The likes of Instagram, Facebook and Netflix have team members contributing and leading the development of Cassandra because it is essential to their businesses. For DataStax, we continue to support the growth and development of Cassandra as an open source project through our own code contributions, our development and training, and our drivers that are available for the community and for our customers alike.
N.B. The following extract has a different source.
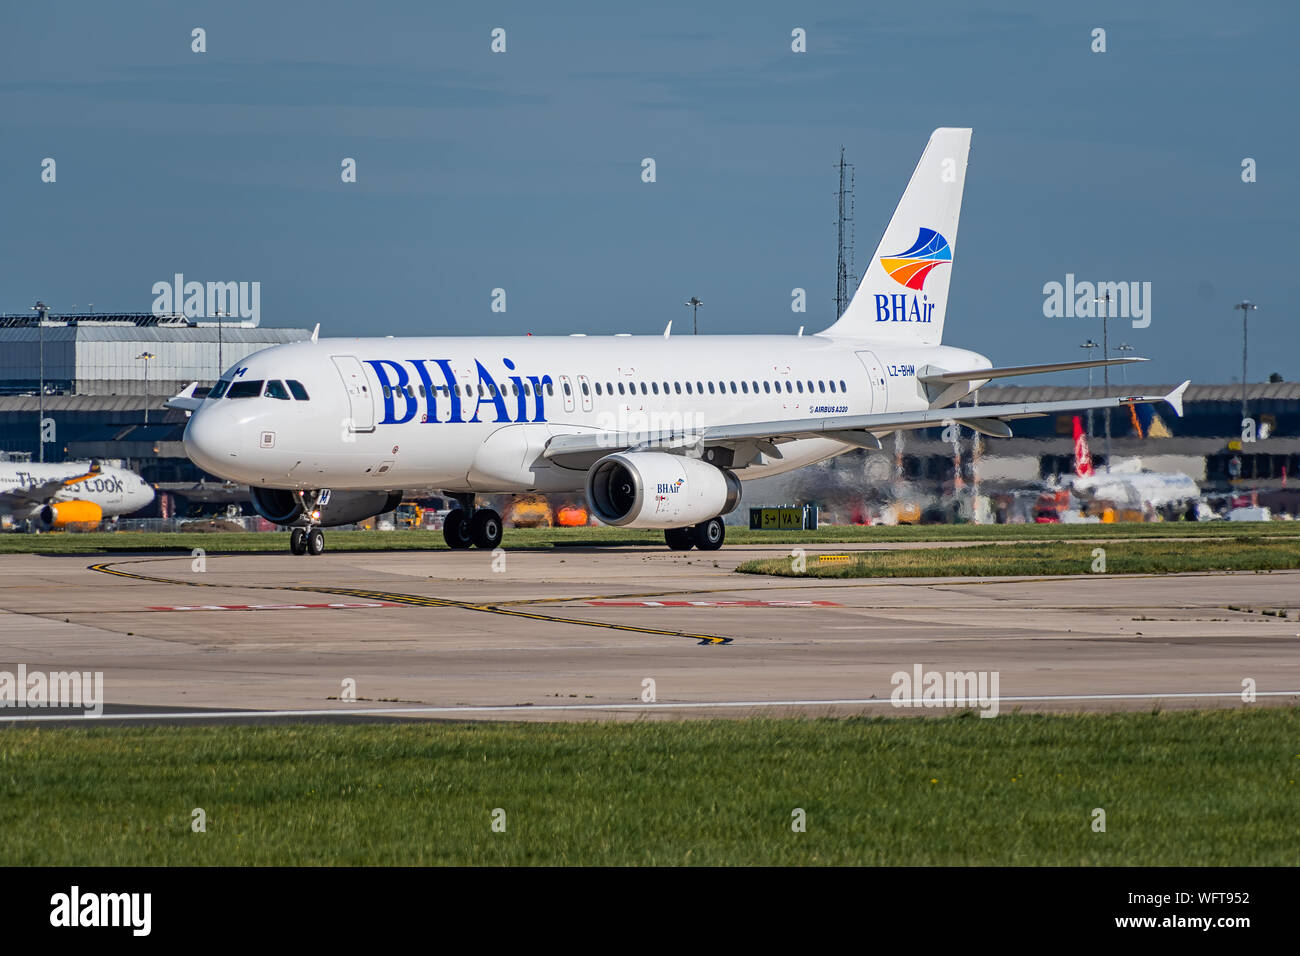 MANCHESTER, UNITED KINGDOM - AUGUST 24, 2019: BH Air Airbus A320 taxiing for departure Stock Photo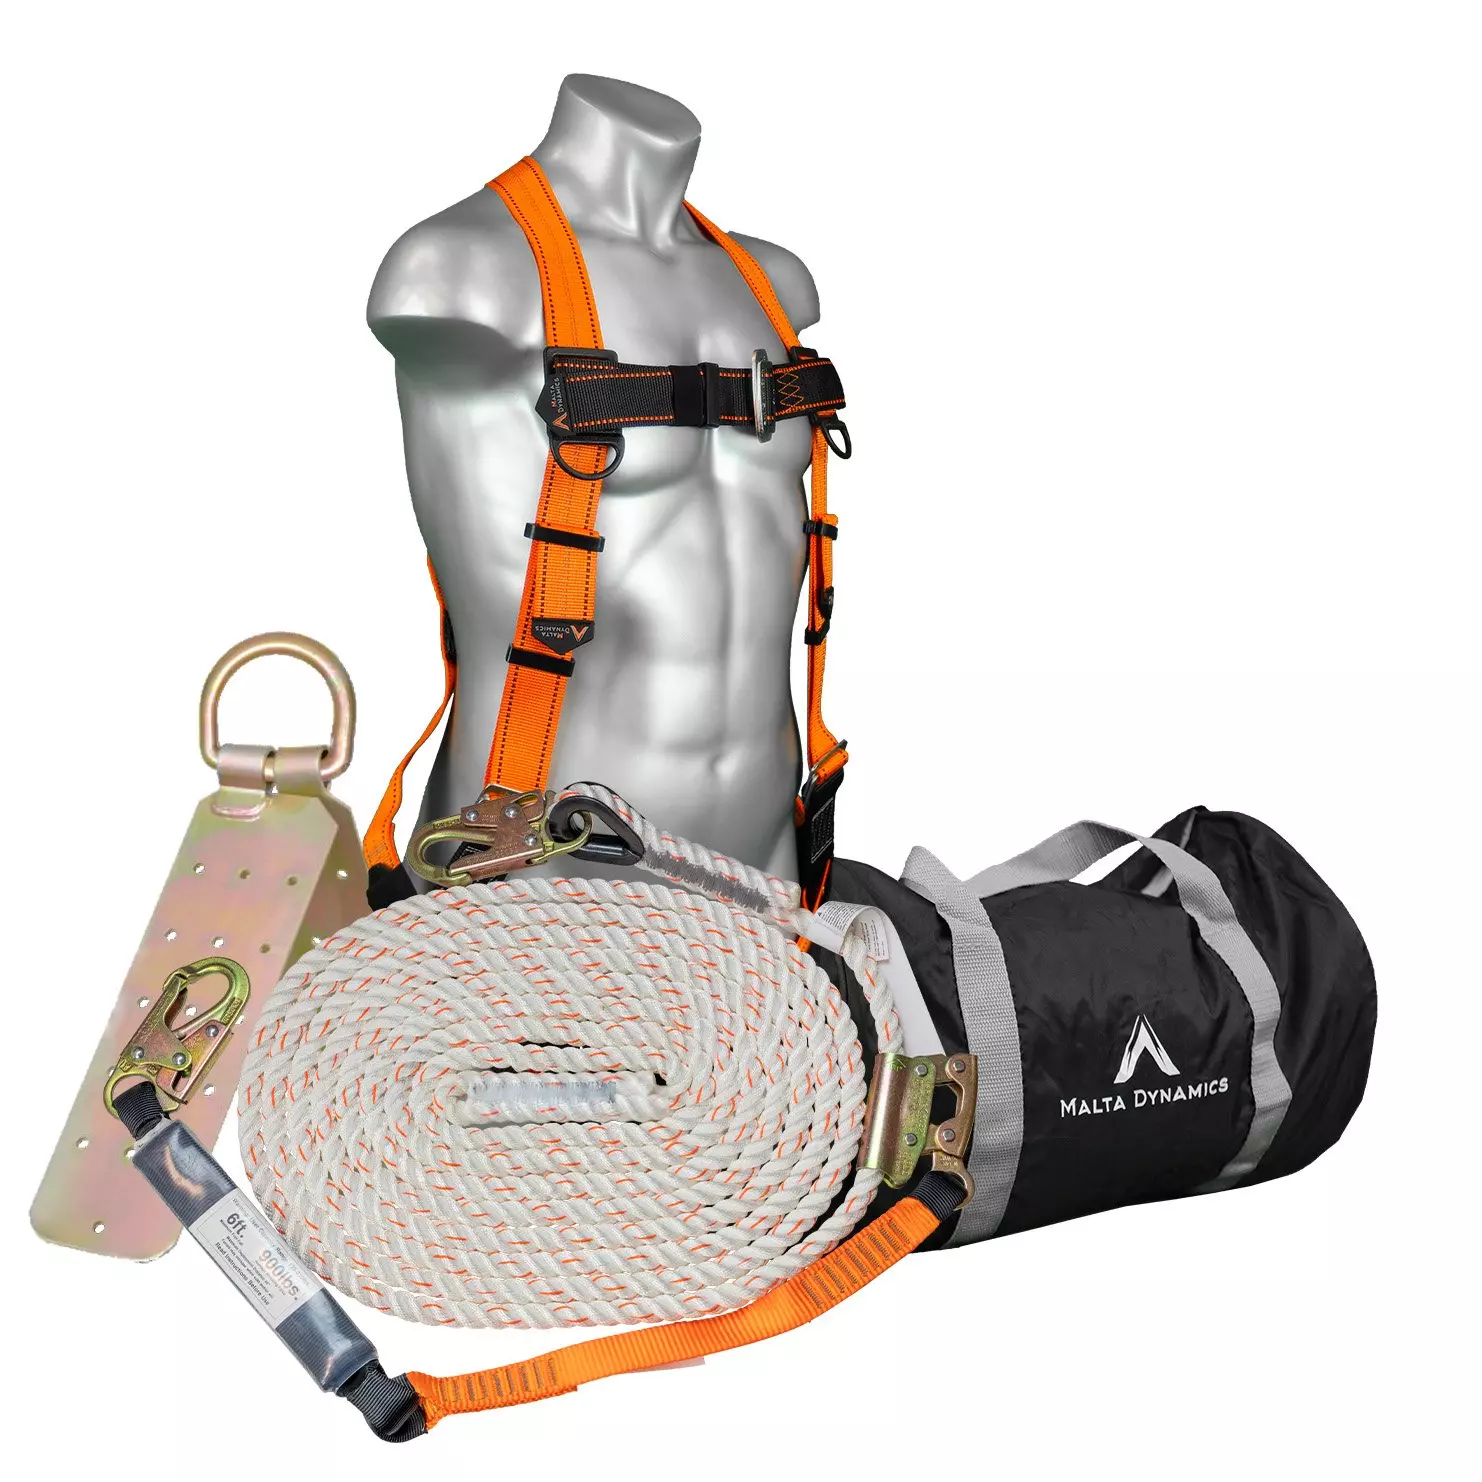 Build Your Own Personal Fall Arrest Systems & PFAS Kits

Having said all this, there are still areas where Cassandra can improve as we get ready for 4.0. From a development standpoint, the big things to look forward to as mentioned in Nate’s keynote are:
An improved Repair model
For a distributed database, being able to carry on through any failure event is critical. After a failure, those nodes will have to be brought back online, and then catch up with the transactions that they missed. Making nodes consistent is a big task, covered by the Repair function. In Cassandra 4.0, the aim is to make Repair smarter. For example, Cassandra can preview the impact of a repair on a host to check that the operation will go through successfully, and specific pull requests for data can also be supported.
Alongside this, a new transient replication feature should reduce the cost and bandwidth overhead associated with repair. By replicating temporary copies of data to supplement full copies, the overall cluster should be able to achieve higher levels of availability but at the same time reduce the overall volume of storage required significantly. For companies running very large clusters, the cost savings achievable here could be massive.
A Messaging rewrite
Efficient messaging between nodes is essential when your database is distributed. Cassandra 4.0 will have a new messaging system in place based on Netty, an asynchronous event-driven network application framework. In practice, using Netty will improve performance of messaging between nodes within clusters and between clusters.
On top of this change, zero copy support will provide the ability to improve how quickly data can be streamed between nodes. Zero copy support achieves this by modifying the streaming path to add additional information into the streaming header, and then using ZeroCopy APIs to transfer bytes to and from the network and disk. This allows nodes to transfer large files faster.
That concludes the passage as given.